There can't be many broadband rollouts where the perils of shipwrecks dating back to the eighteenth and nineteenth centuries are a concern, but that's the reality facing BT.
Earlier this week the firm announced a £4m plan to use an undersea cable lying dormant in the English Channel to bring superfast broadband to the Isles of Scilly, a remote archipelago lying 28 miles off the South West of England.
The project will mean that for the first time, the residents of the five islands of St Mary's, Tresco, St Martin's, Bryher and St Agnes, whose combined population numbers just over 2,000, will be able to access fibre broadband services. Until now, they've been stuck with a radio link.
Clearly, the remoteness of the Isles of Scilly meant the rollout of services to the islands would prove challenging for BT, but the ability to use the dormant undersea cable is a massive bonus for the firm.
"Normally the cost of laying cable is very expensive if you only do it over a relatively short distance, like 28 miles to the islands," explained Ranulf Scarbrough, the director of the Cornwall Superfast Broadband Programme at BT, in an interview with V3.
"However, there are two cables that go from Land's End out into the English Channel that used to go to Ireland and Spain but these have been replaced by newer connections.
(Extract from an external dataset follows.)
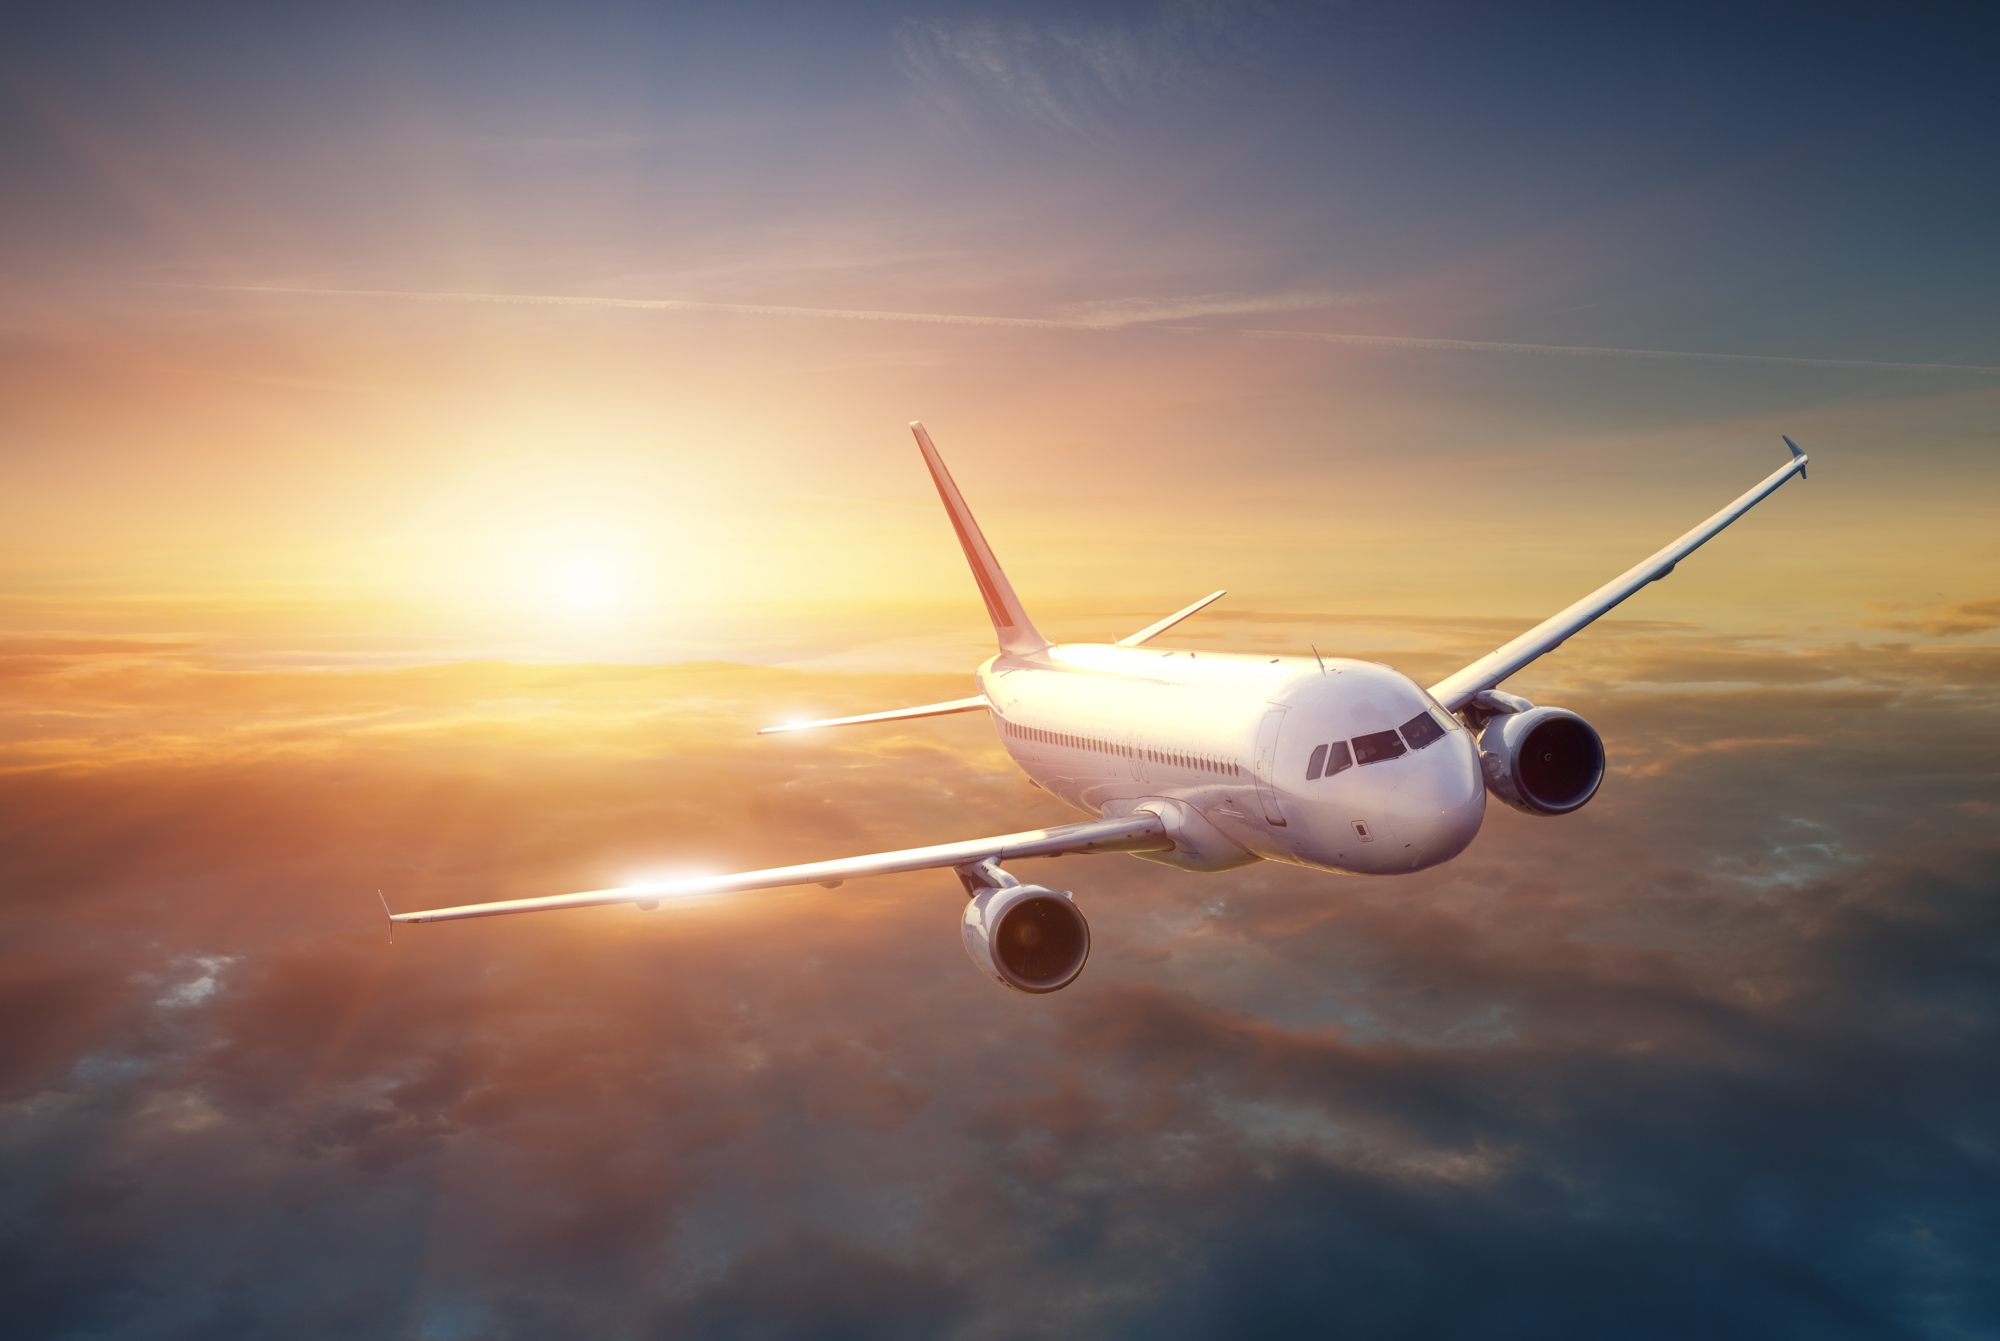 Au cours des prochaines décennies, les avions de ligne devraient consommer un peu plus de carburant, en moyenne, lors des liaisons transatlantiques entre l'Europe et l'Amérique du Nord. © IM_photo, Sutterstock

This means we can reuse them to run fibre from Land's End down to the islands."
This will require a cable laying ship to bring up the cable, done using a remote controlled submarine, and then adding the new fibre, before hooking it to the exchange on the island, and into the network on the mainland.
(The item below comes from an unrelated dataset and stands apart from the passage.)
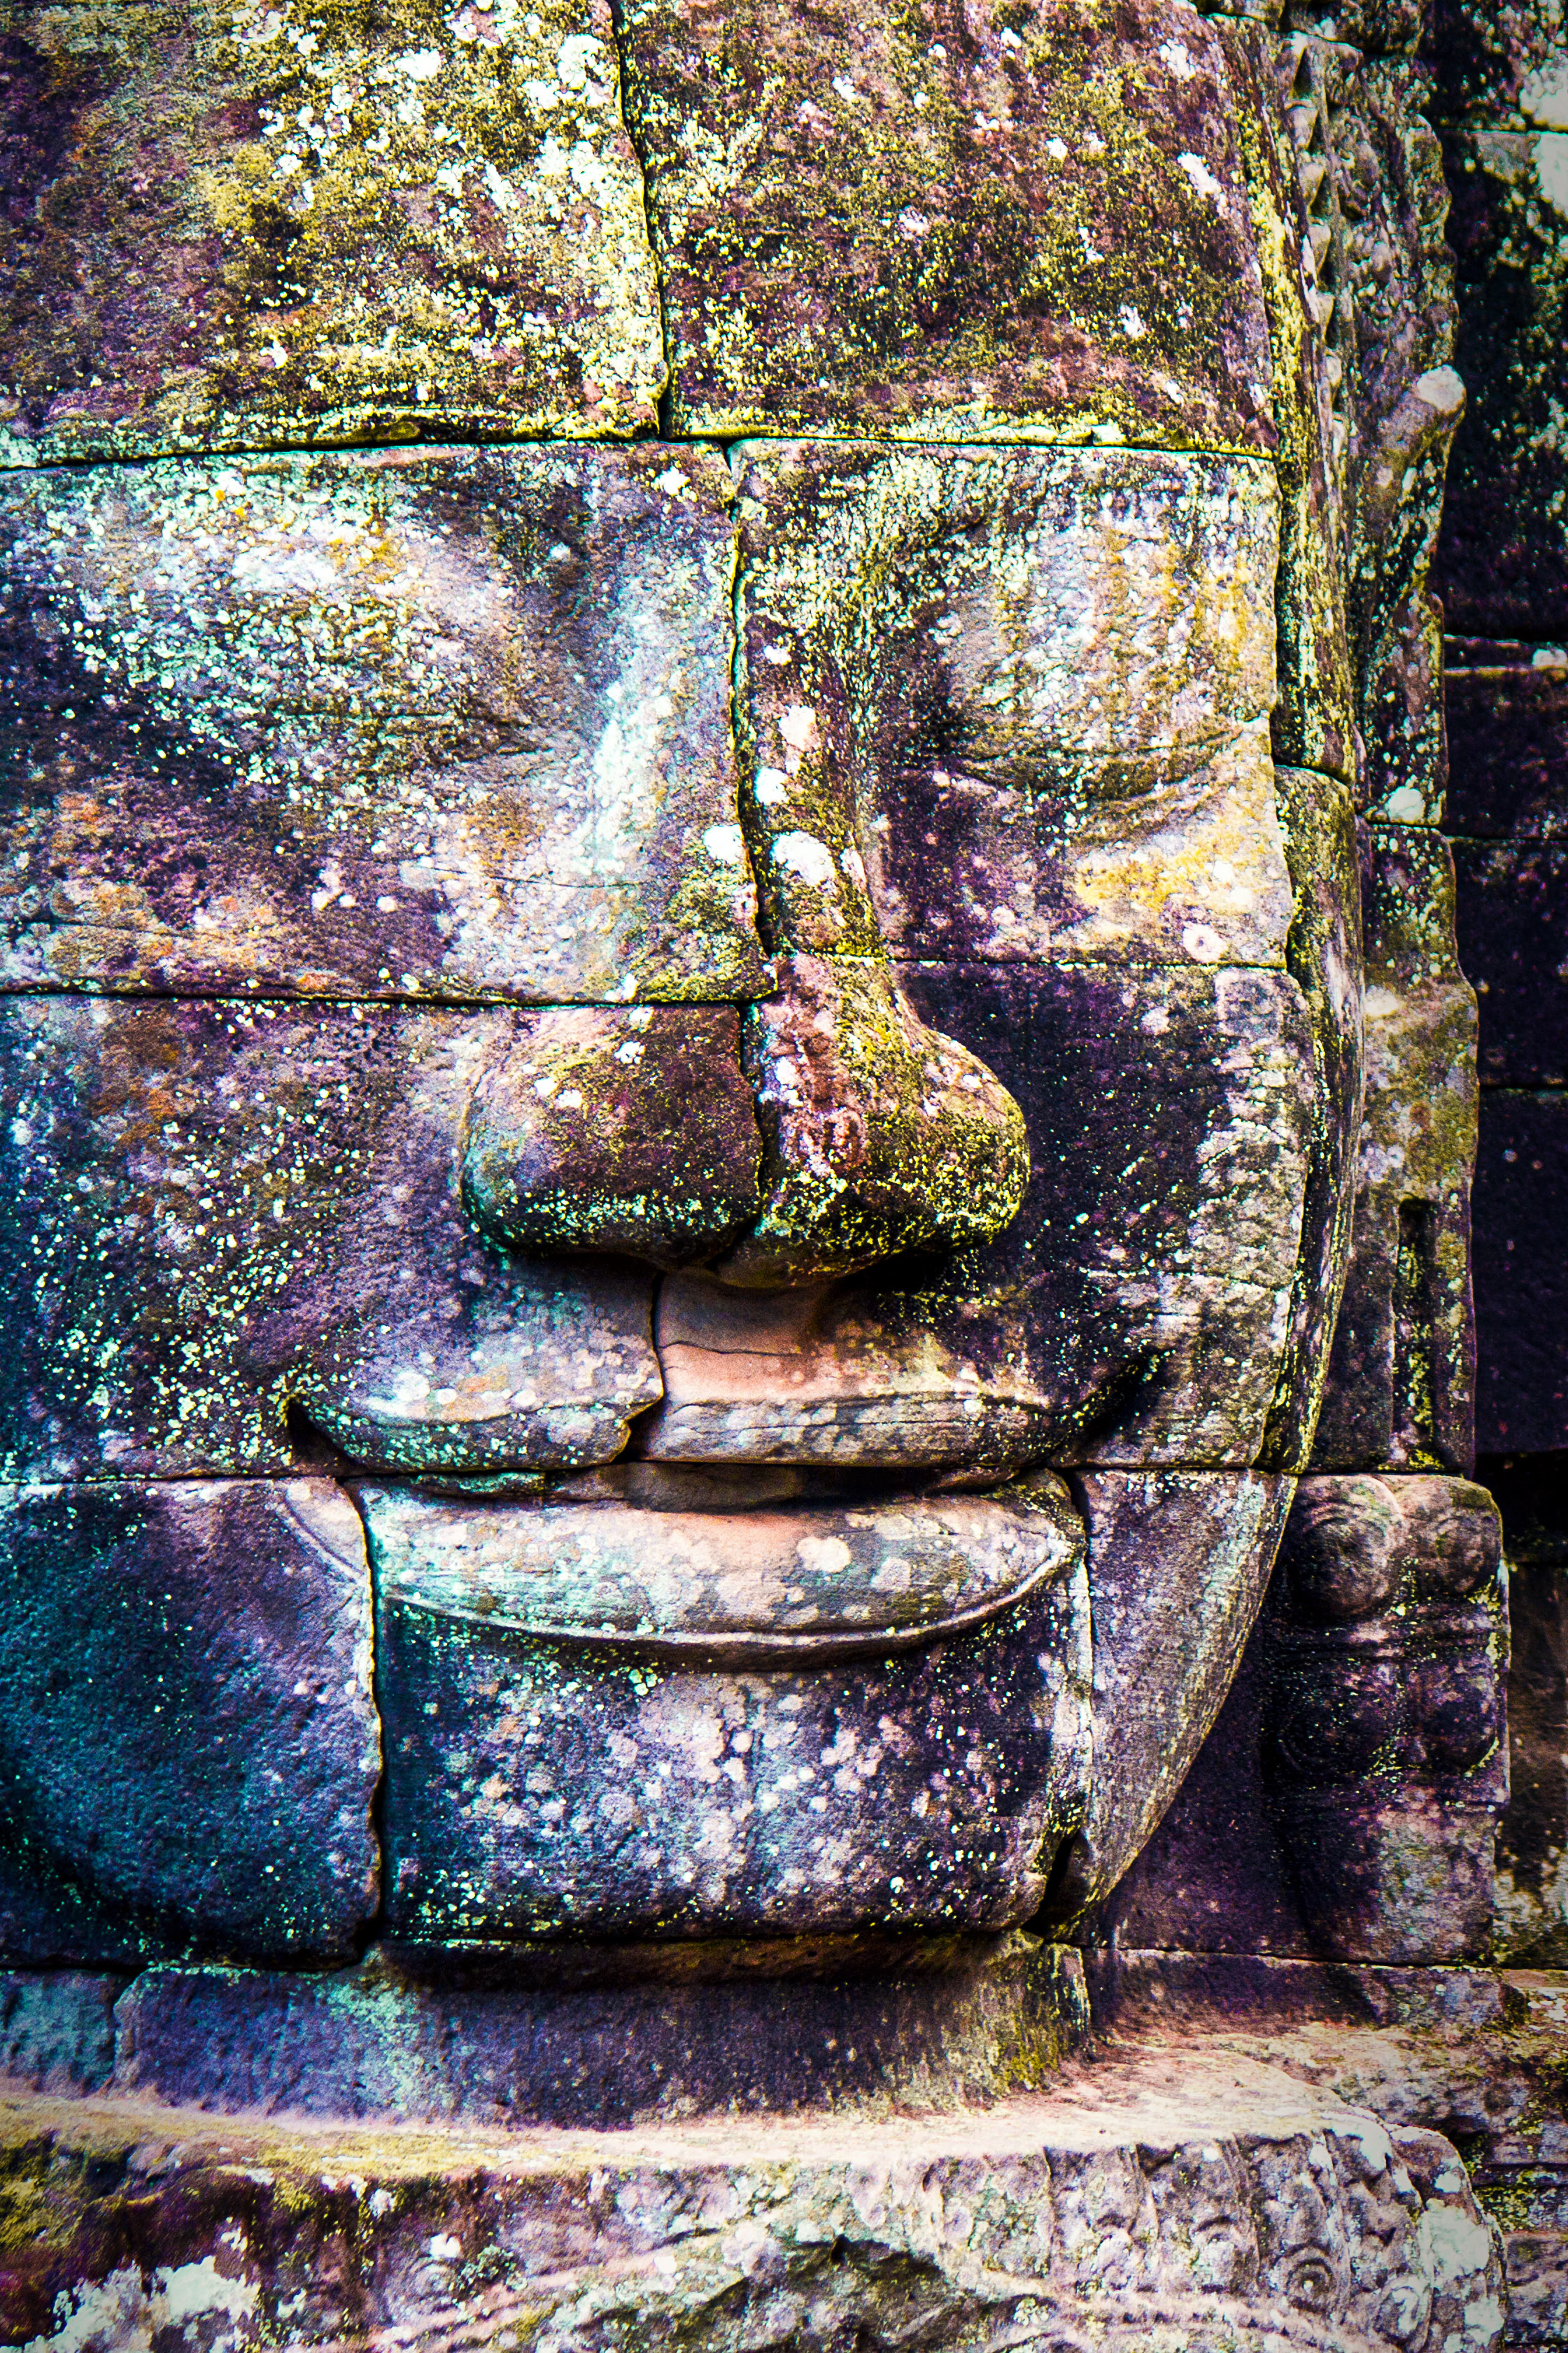 Colorful Cambodia (at Angkor Thom)

While the cable laying ship is likely to begin its work in the autumn, BT will also be putting down cables between the five islands and to premises on the islands, although this poses a unique set of challenges, as Scarbrough explains.
"The islands are a very challenging environment and not just because of their remote location," he said.
"There are lots of historic buildings and burials grounds, shipwrecks and sites of Site of Special Scientific Interest (SSSI) and Area of Outstanding Natural Beauty (AONB) we have to factor in."
With some 530 shipwrecks dating back as far as the 1300s and 24 SSSIs on the islands this is no easy task.
"The council are helping us work through these issues but I think it's fair to say this is one of the most challenging rollouts, not just that BT Openreach have done, but that's been done anywhere in the world," adds Scarbrough.